*** Dataset content Section Begins ***
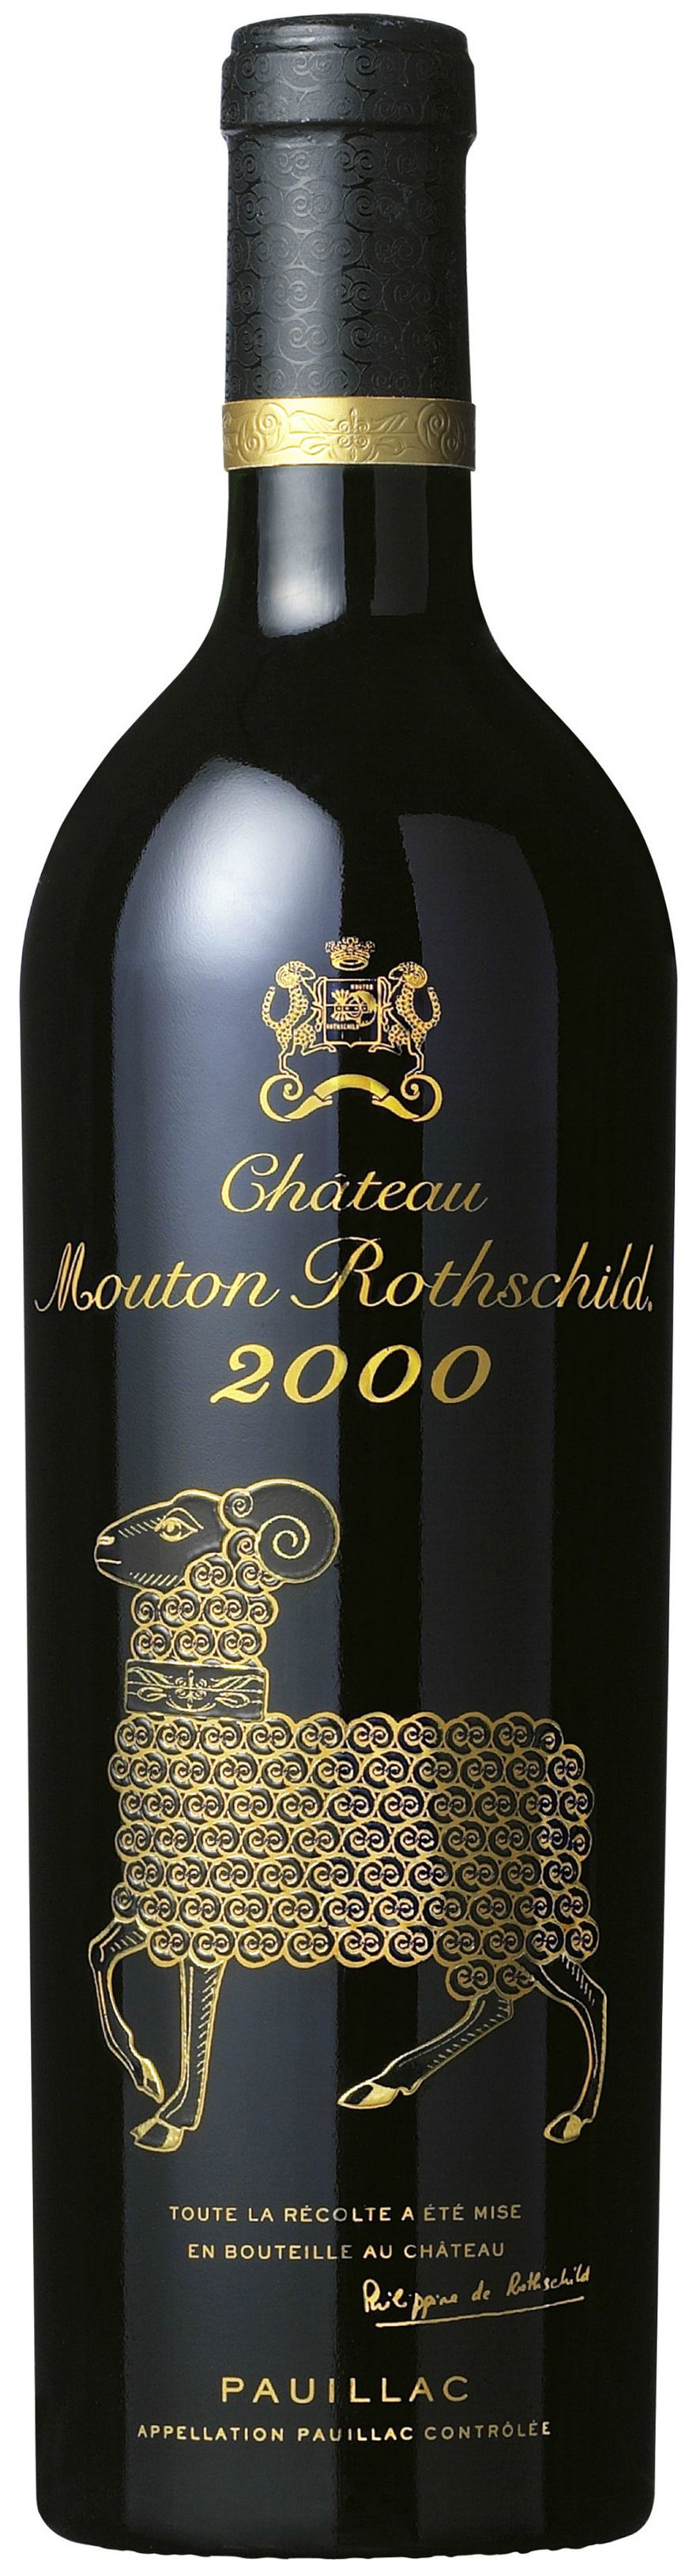 Chateau Mouton Rothschild, Premier Cru Classe, 2000
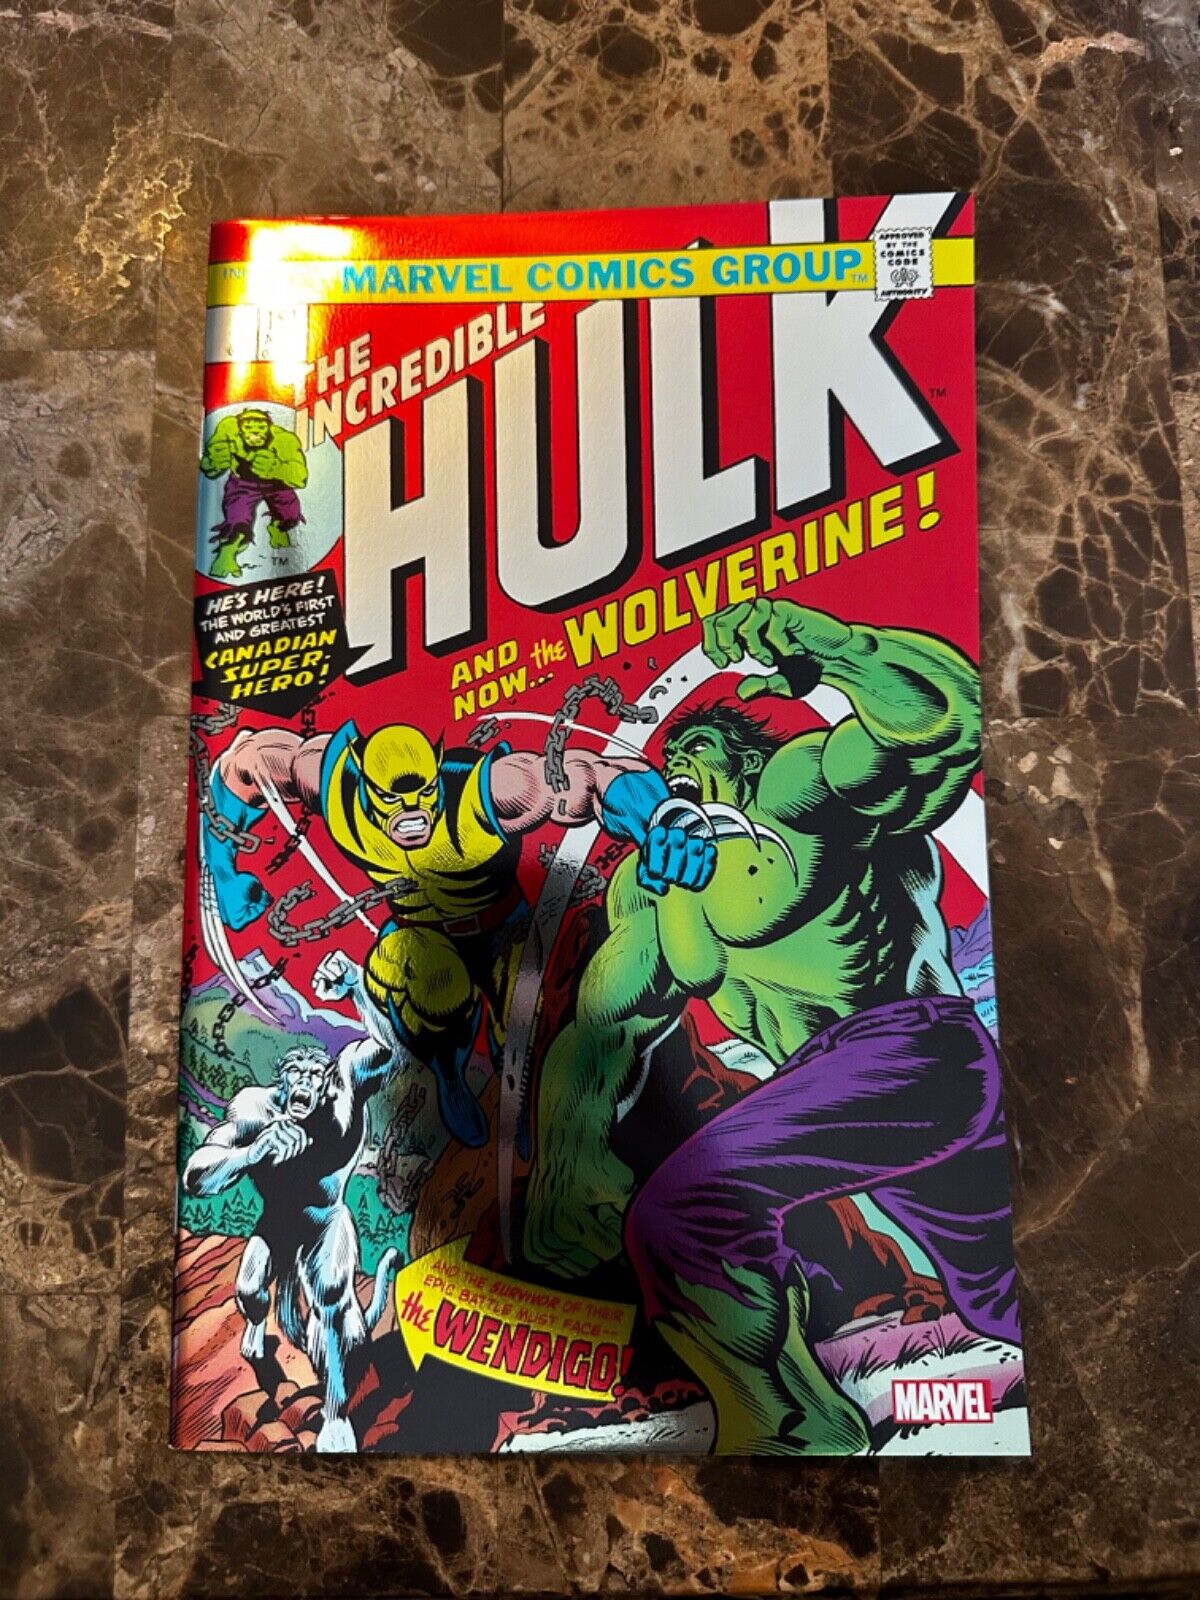 MARVEL COMICS HULK #181 Facsimile FOIL COVER 1st Appearance Of Wolverine
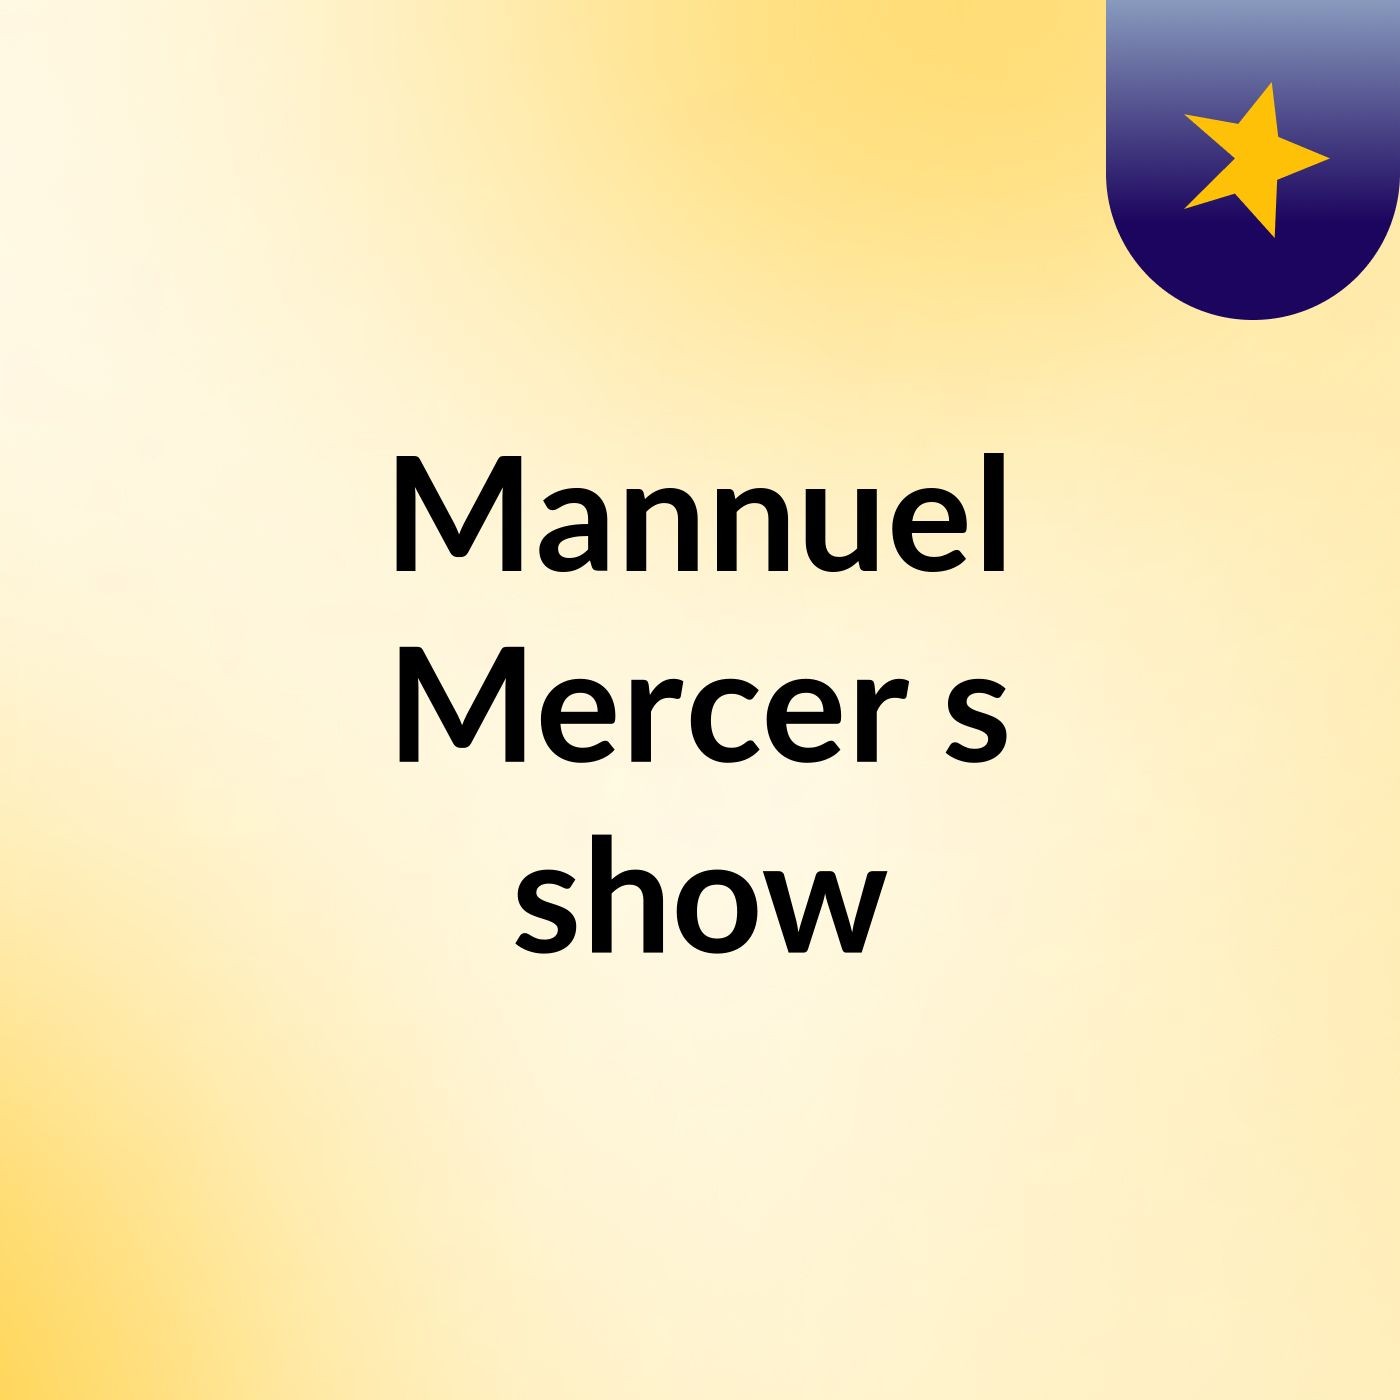 Episode 3 - Mannuel Mercer's show
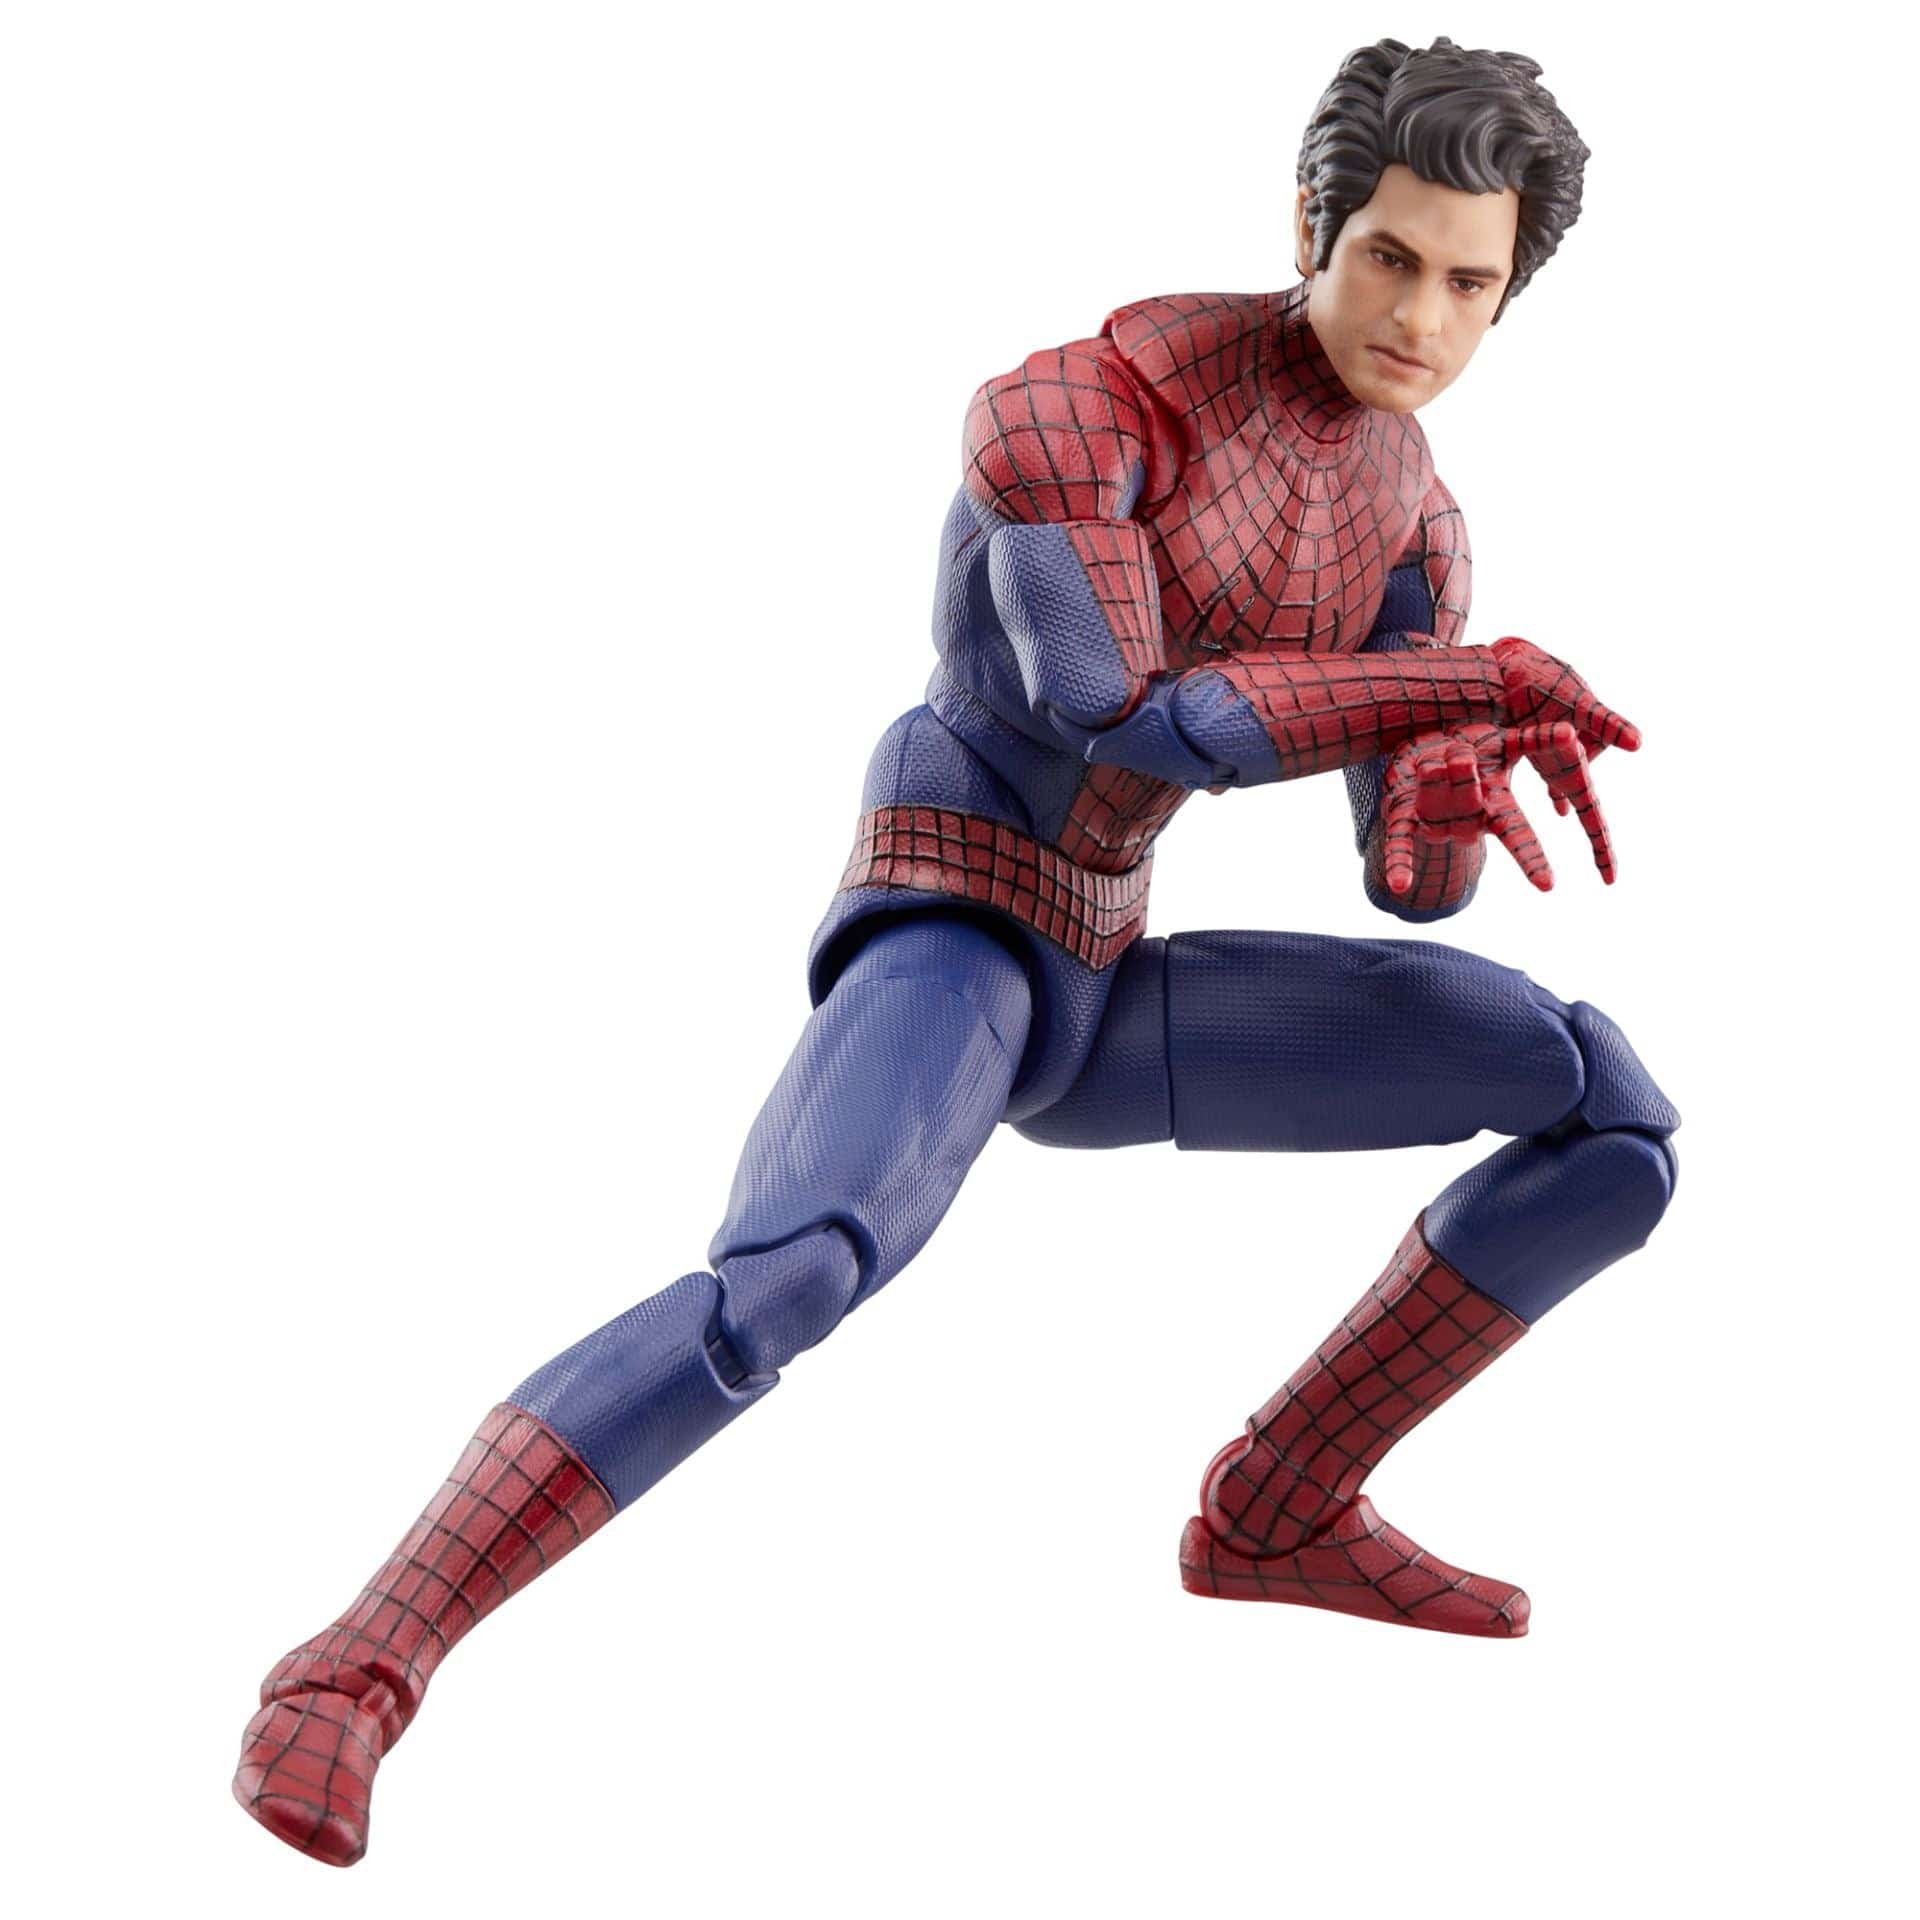 Hasbro Marvel Legends Series The Amazing Spider-Man 2 Spider-Man Action Figure
*** Dataset content Section Ends ***
With images omitted, retype the data word for word.

 Chateau Mouton Rothschild, Premier Cru Classe, 2000
 MARVEL COMICS HULK #181 Facsimile FOIL COVER 1st Appearance Of Wolverine
 Episode 3 - Mannuel Mercer's show
 Hasbro Marvel Legends Series The Amazing Spider-Man 2 Spider-Man Action Figure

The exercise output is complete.